TASK PROMPT:
Give the whole listing below once more, exactly, without pictures.

PROVIDED MATERIAL:
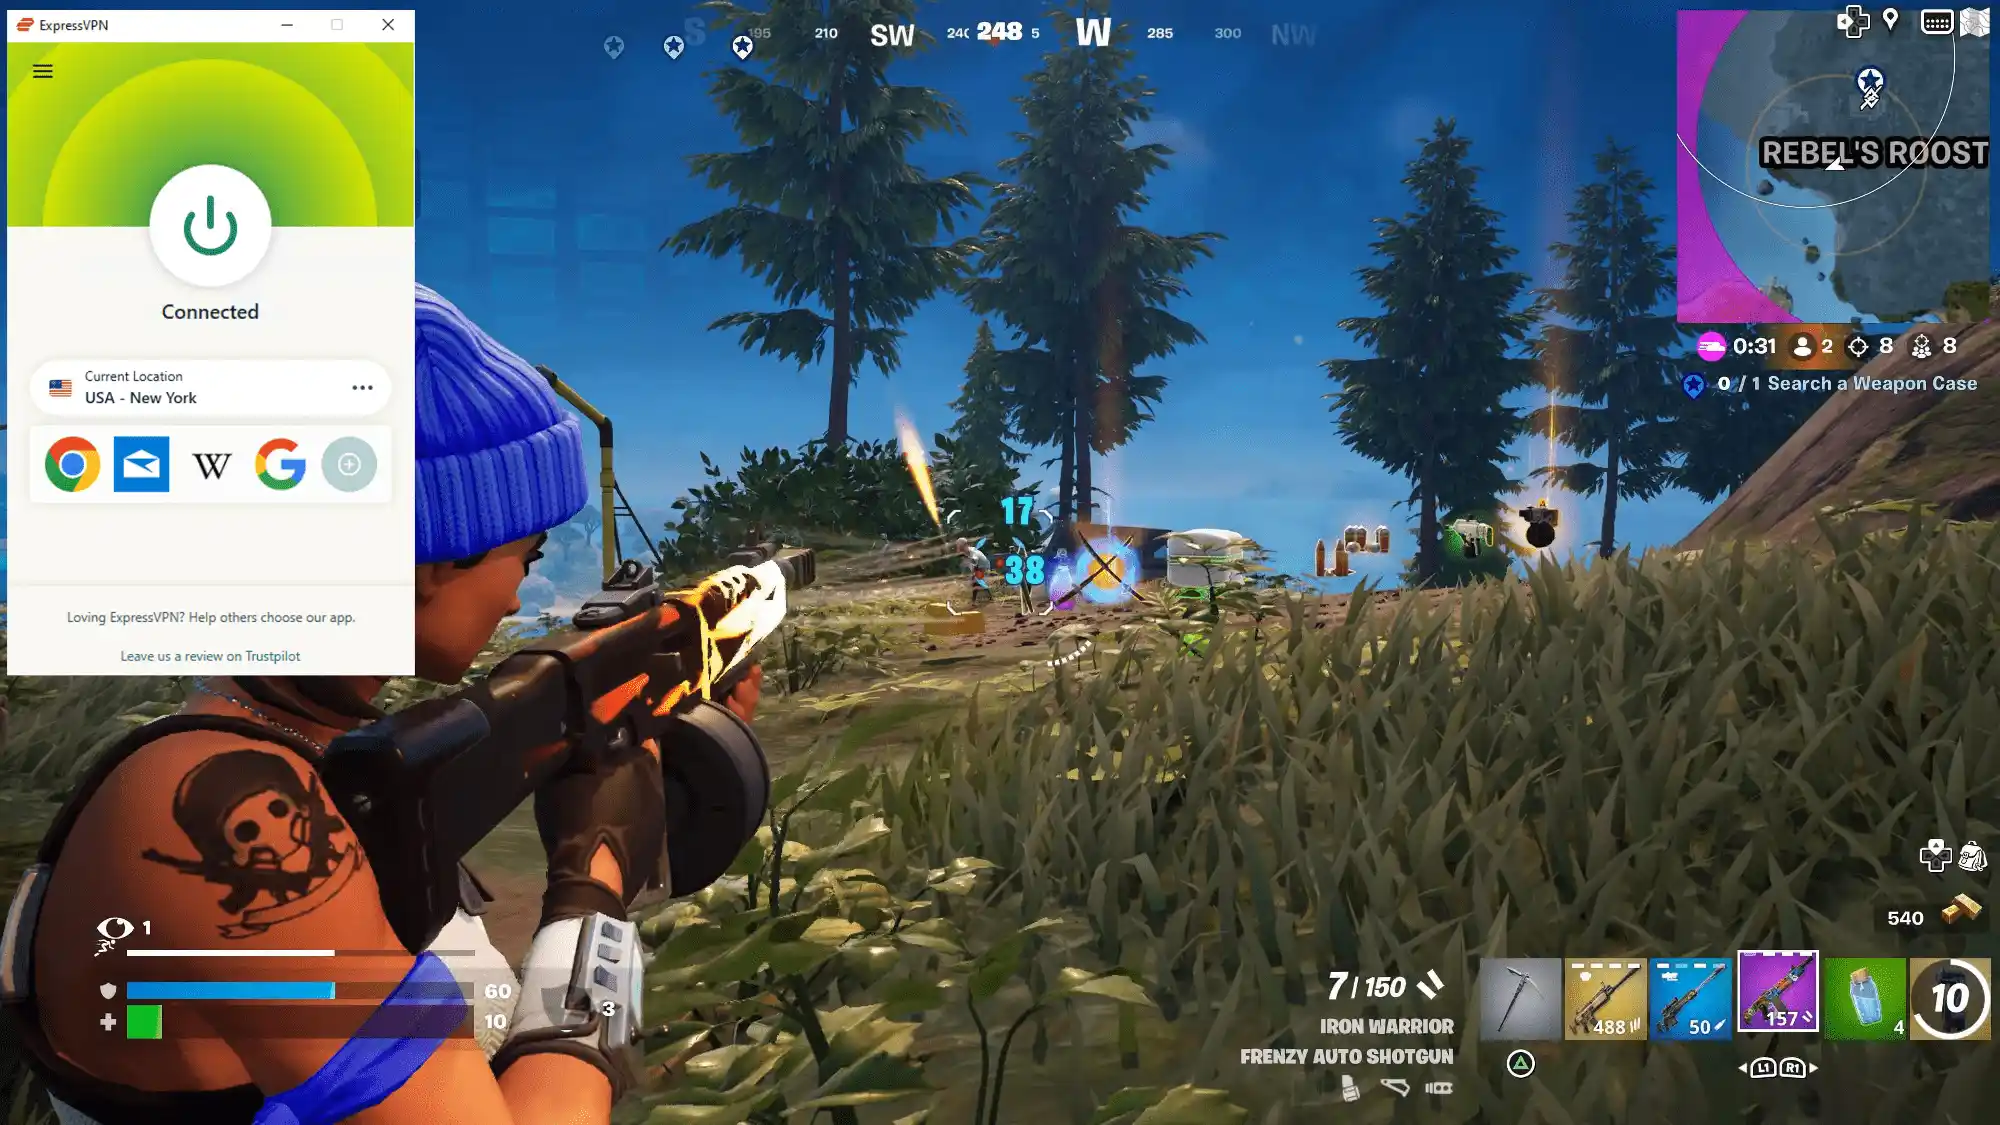 Screenshot of Fortnite on a PS5 console while connected to an ExpressVPN New York server.
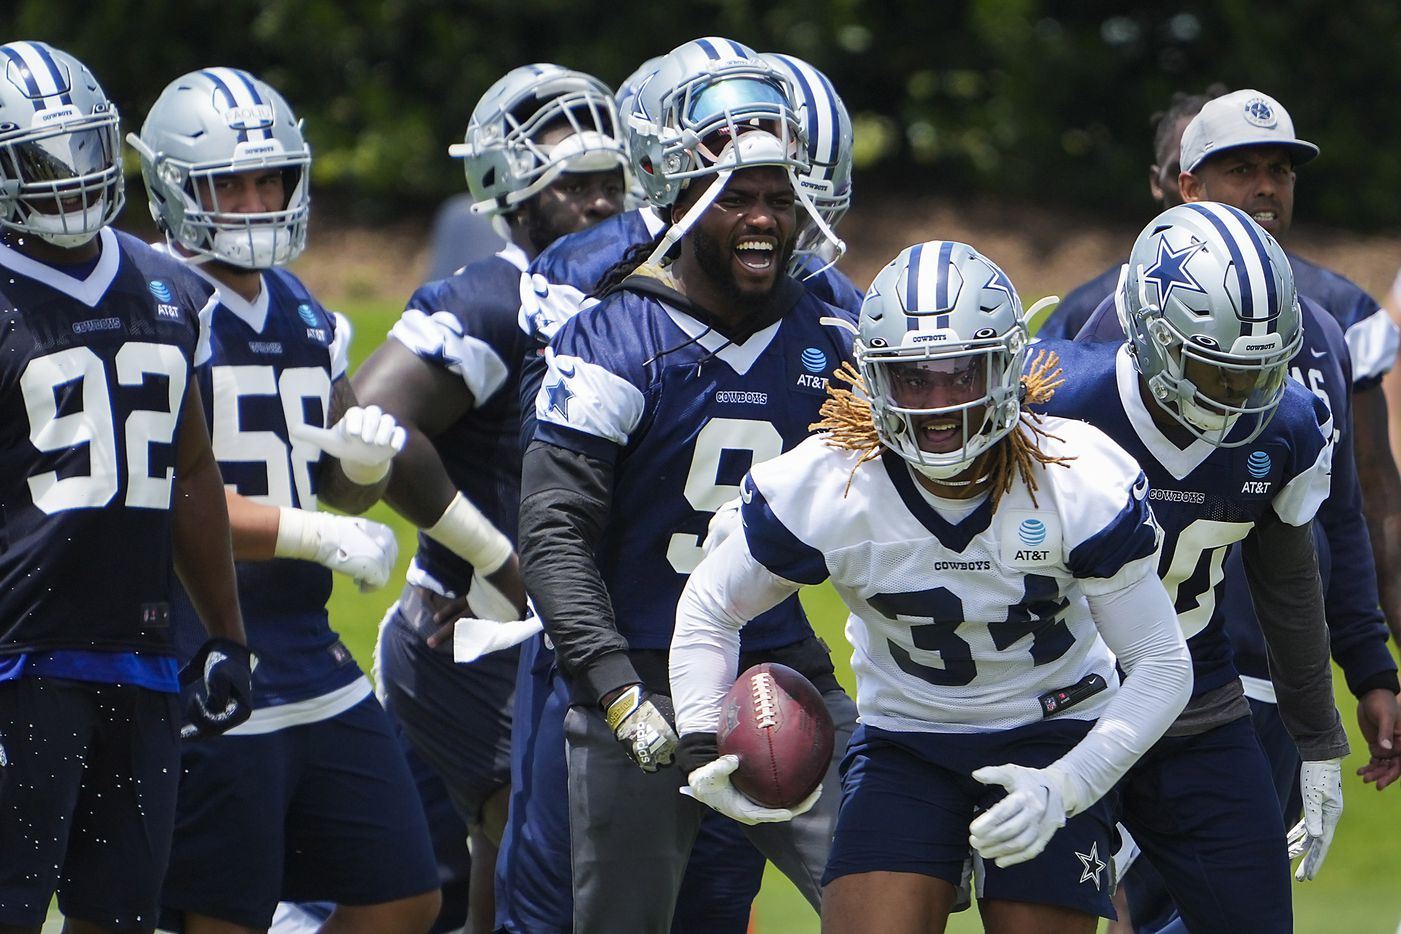 Dallas Cowboys running back Rico Dowdle (34) gets past cornerback Anthony Brown (30) as linebacker Jaylon Smith (9) reacts during a minicamp practice at The Star on Tuesday, June 8, 2021, in Frisco. (Smiley N. Pool/The Dallas Morning News)
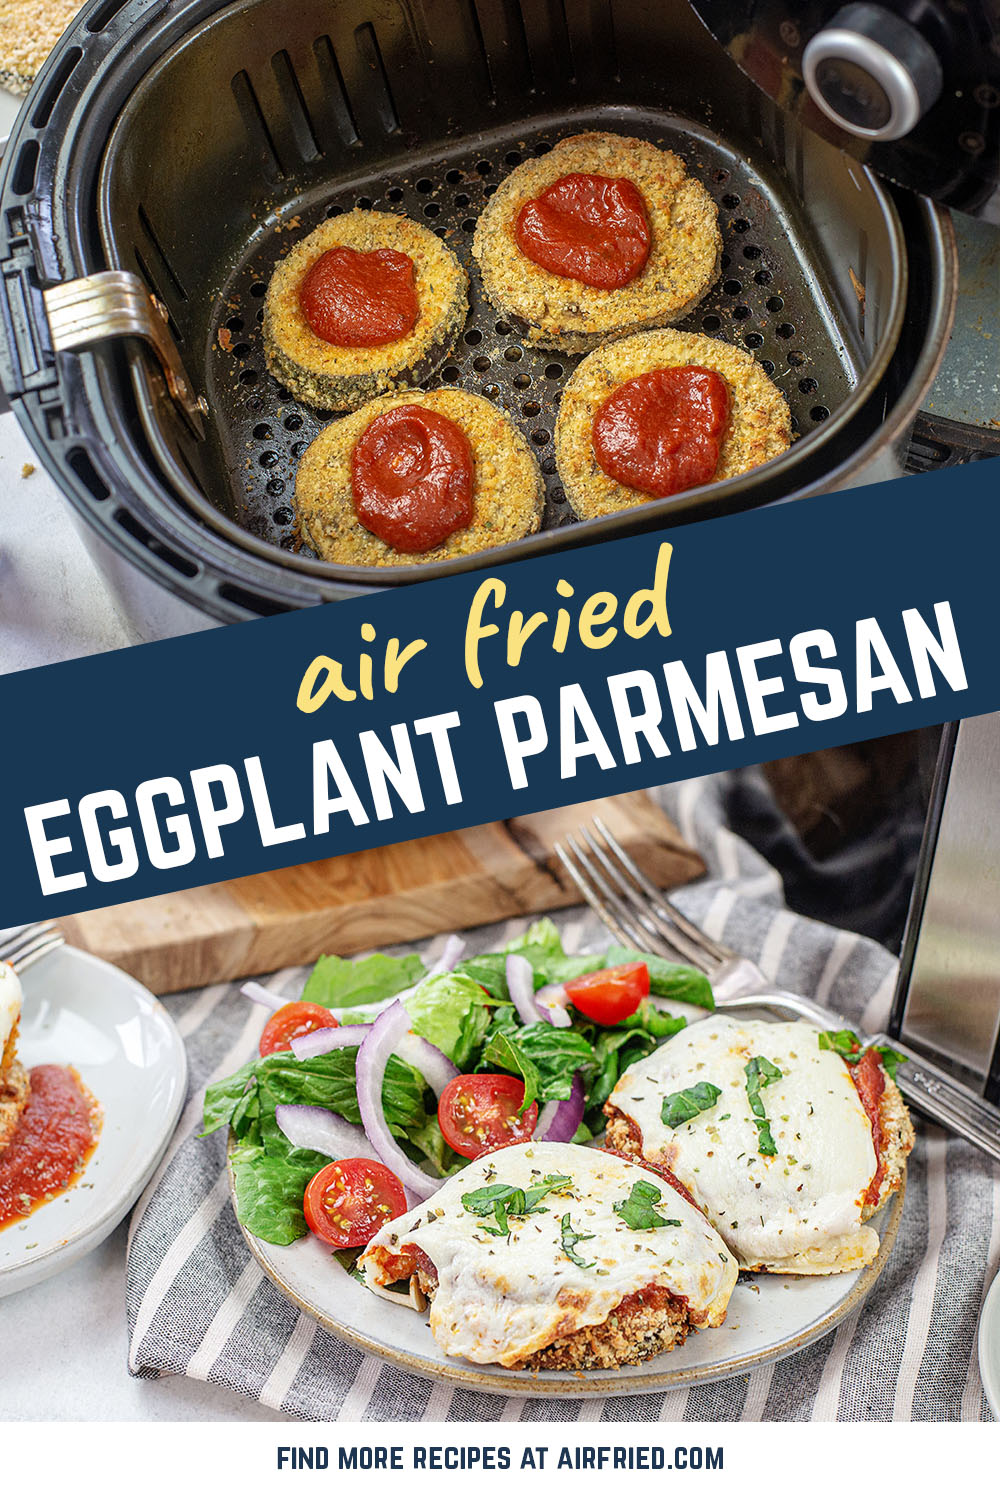 Air fryer eggplant Parmesan cooks just 15 minutes.  The result is pleasant looking, savory dinner!

RESPONSE FOR THIS EXERCISE:
 Screenshot of Fortnite on a PS5 console while connected to an ExpressVPN New York server.
 Dallas Cowboys running back Rico Dowdle (34) gets past cornerback Anthony Brown (30) as linebacker Jaylon Smith (9) reacts during a minicamp practice at The Star on Tuesday, June 8, 2021, in Frisco. (Smiley N. Pool/The Dallas Morning News)
 Air fryer eggplant Parmesan cooks just 15 minutes.  The result is pleasant looking, savory dinner!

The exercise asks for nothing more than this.